Исторические персонажи обретают человеческий облик, а, стало быть, на них распространяется и понятие ответственности, моральной ответственности за их поступки, за управление страной и людьми. Только «прошедший» «Историю» Карамзина Борис Годунов мог оказаться героем пушкинской драмы. Карамзин применяет к русским царям и боярам, действовавшим в духе своей эпохи, мерки просвещённого человека начала XIX века воспитанного на идеях Руссо и Энциклопедистов, он судит своих героев, а обретение персонажами исторической драмы ответственности за свои поступки, превращение их в людей и есть подлинная гуманизация. «Наш Ливии — Славянин, — писал Жуковский. —… Пред нами разрывал // Завесу лет минувших, // И смертным сном заснувших // Героев вызывал… » Умение одушевить историю — одна из важнейших особенностей историка. «Карамзиным… и его деятельностью, — писал Ап. Григорьев, — общество начало жить нравственно… Он стал историком «государства Российского»; он, может быть, сознательно, может быть, нет… подложил требования западного человеческого идеала под данные нашей истории… Карамзин был уже… человек захваченный внутренне общечеловеческим развитием и потому бессознательно-последовательно прилагавший его начала к нашей истории и быту»{50}.
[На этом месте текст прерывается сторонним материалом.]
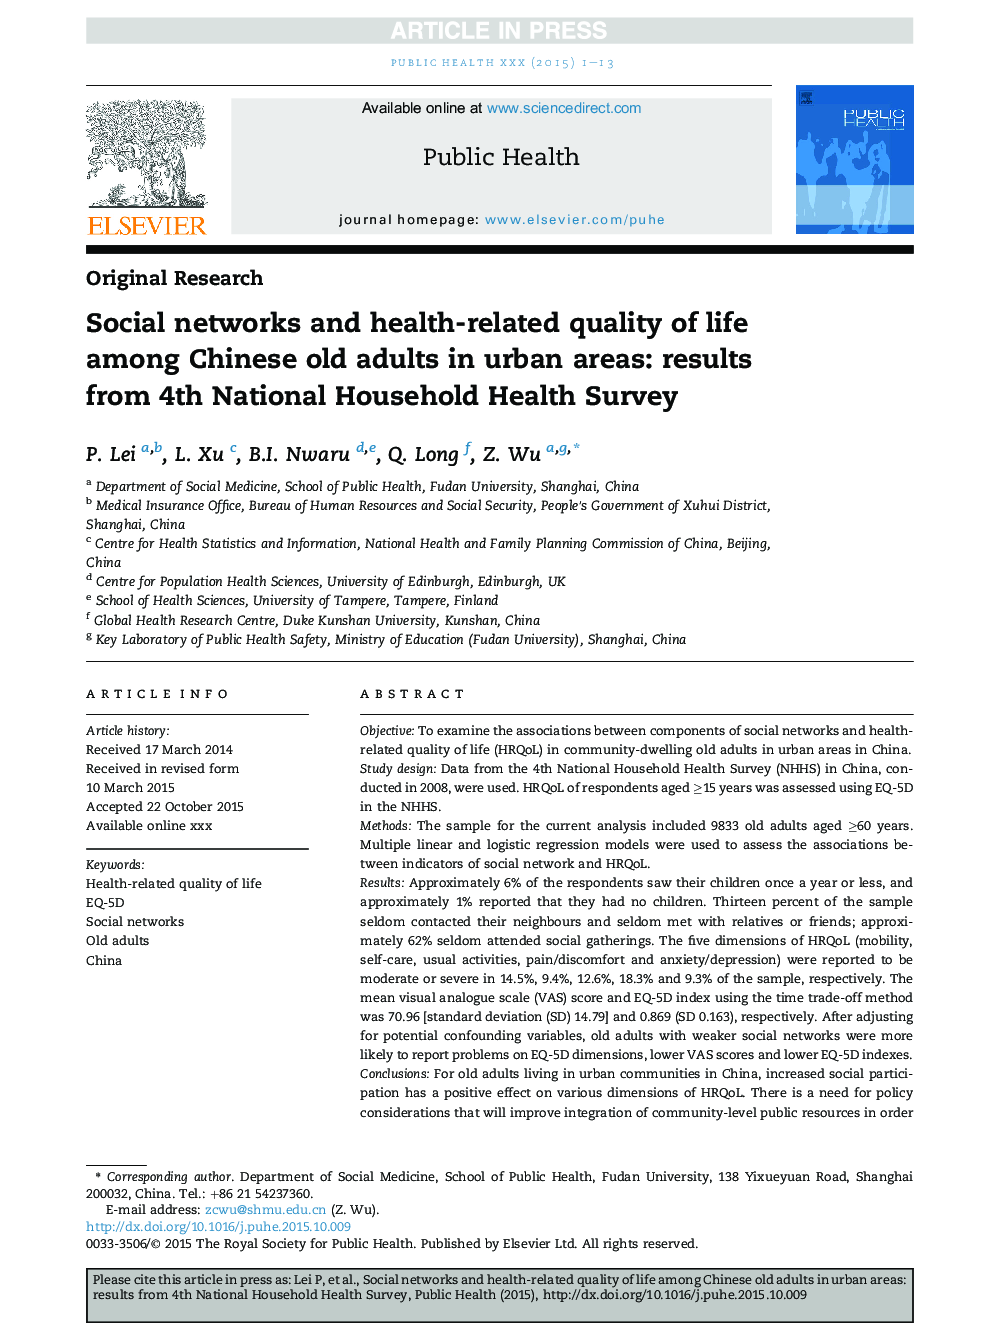 شبکه های اجتماعی و کیفیت زندگی مرتبط با سلامت در میان بزرگسالان چینی در مناطق شهری: نتایج چهارمین بررسی ملی بهداشت عمومی 
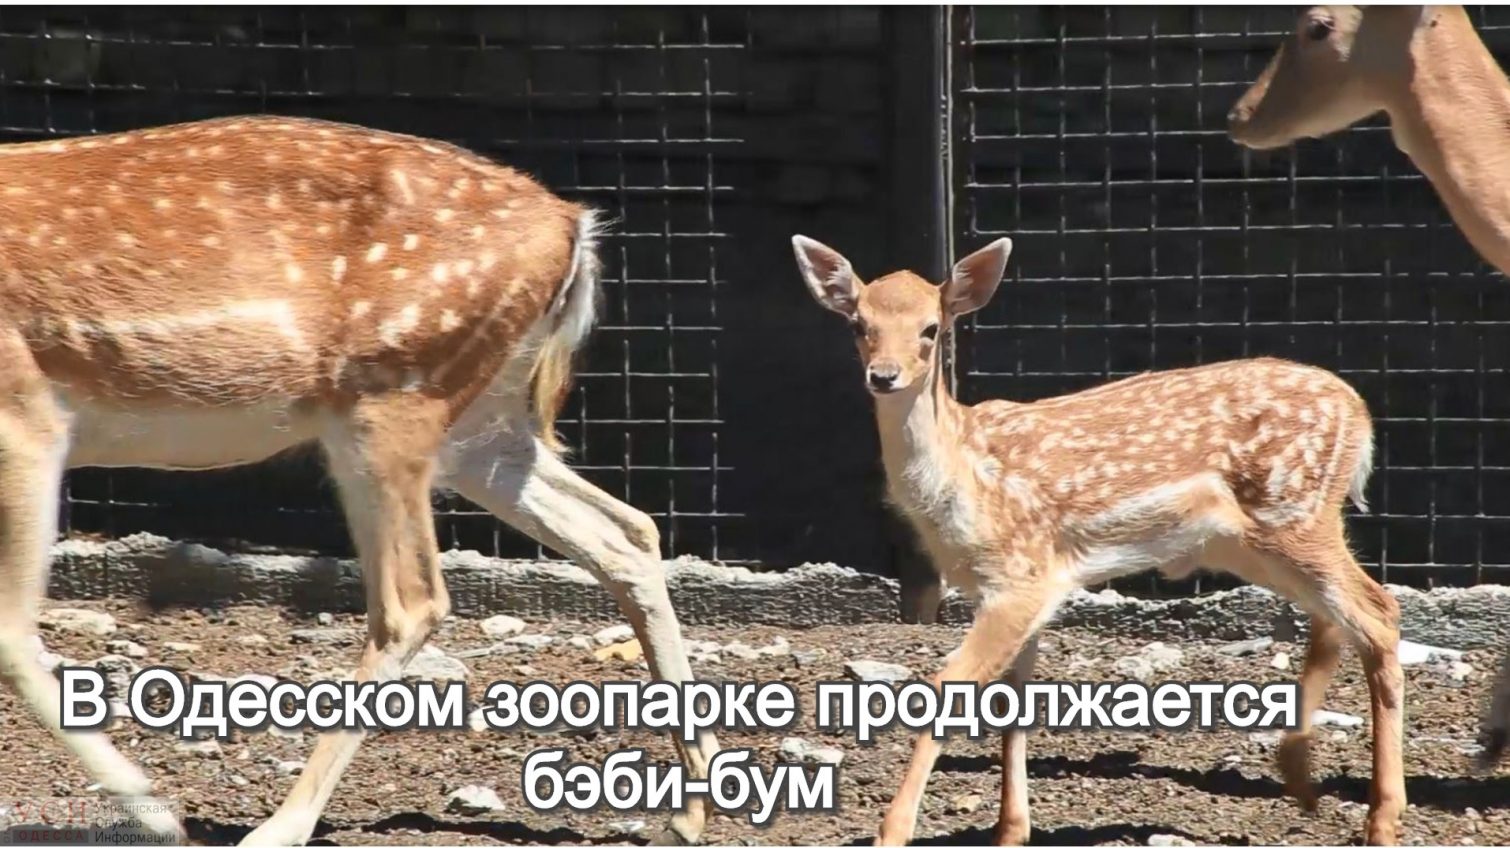 В Одесском зоопарке продолжается бэби-бум (видео) «фото»

Это вот «золотое сечение», наложенное на историю, человеческая мера, применённая к историческим событиям и историческим деятелям, была мерой жизни самого Карамзина, мерой его отношения как к друзьям, противникам, так и к «сильным мира сего». Парадокс Карамзина в том, что, сохраняя в душе республиканские идеалы, он стал монархистом, ибо полагал, что самодержание не случайный эпизод для России, а возникло исторически. «Но этот монархист (по справедливому наблюдению Н. Я. Эйдельмана)… не умел, не мог лгать во спасение и говорил любимым монархам страшные вещи, да ещё так писал про их предшественников, что будущий декабрист-смертник восклицал: «Ну Грозный! Ну Карамзин!»{51}. И потому далеко не случайна внутренняя независимость Карамзина, его чувство собственного — человеческого — достоинства, прямота и искренность, с которыми он шёл по жизни, глядел на мир и писал свою Историю. Исторический труд Карамзина Пушкин назвал «подвигом честного человека». Этот подвиг оказался возможным, потому что Карамзин был один из самых внутренне свободных людей своего времени, независимо державший себя и с царём, и с радикалами. «Карамзин первый показал, что писатель может быть у нас независимым»{52}, — отметил Гоголь.

При этом он как мог и в ком мог, старался «пробуждать чувства добрые». Он неоднократно заступался за Пушкина, пытался облегчить участь декабристов, сумел сделать добрейшего Жуковского воспитателем наследника, будущего Александра II, он был независим и потому к нему тянулись люди самых разных ориентации, ибо независимость — это сила, привлекающая людей. Трудно представить сегодня масштабы этой личности, стоявшей у поэтической колыбели Пушкина, личности, сумевшей дать русской культуре исторический критерий событий, оценить человека в истории, а историю оценить человеческой мерой. Каждый начинал — после чтения Карамзина — ощущать себя участником Истории. Трудно переоценить это завоевание. С историком можно было спорить (воспитанный на Карамзине Достоевский, как известно, представлял русскую историю много трагичнее), но миновать его было уже нельзя. Да и не надо. Его и сегодня надо знать.

«Первый наш историк и последний летописец»{53}— так Пушкин определил Карамзина. Он на рубеже. С него начинается научное изучение истории. Но с его «Истории» начинается и «новая эпоха русской литературы», ибо литература после Карамзина — это литература, обратившаяся к человеку в его соотнесении с историей народа и государства.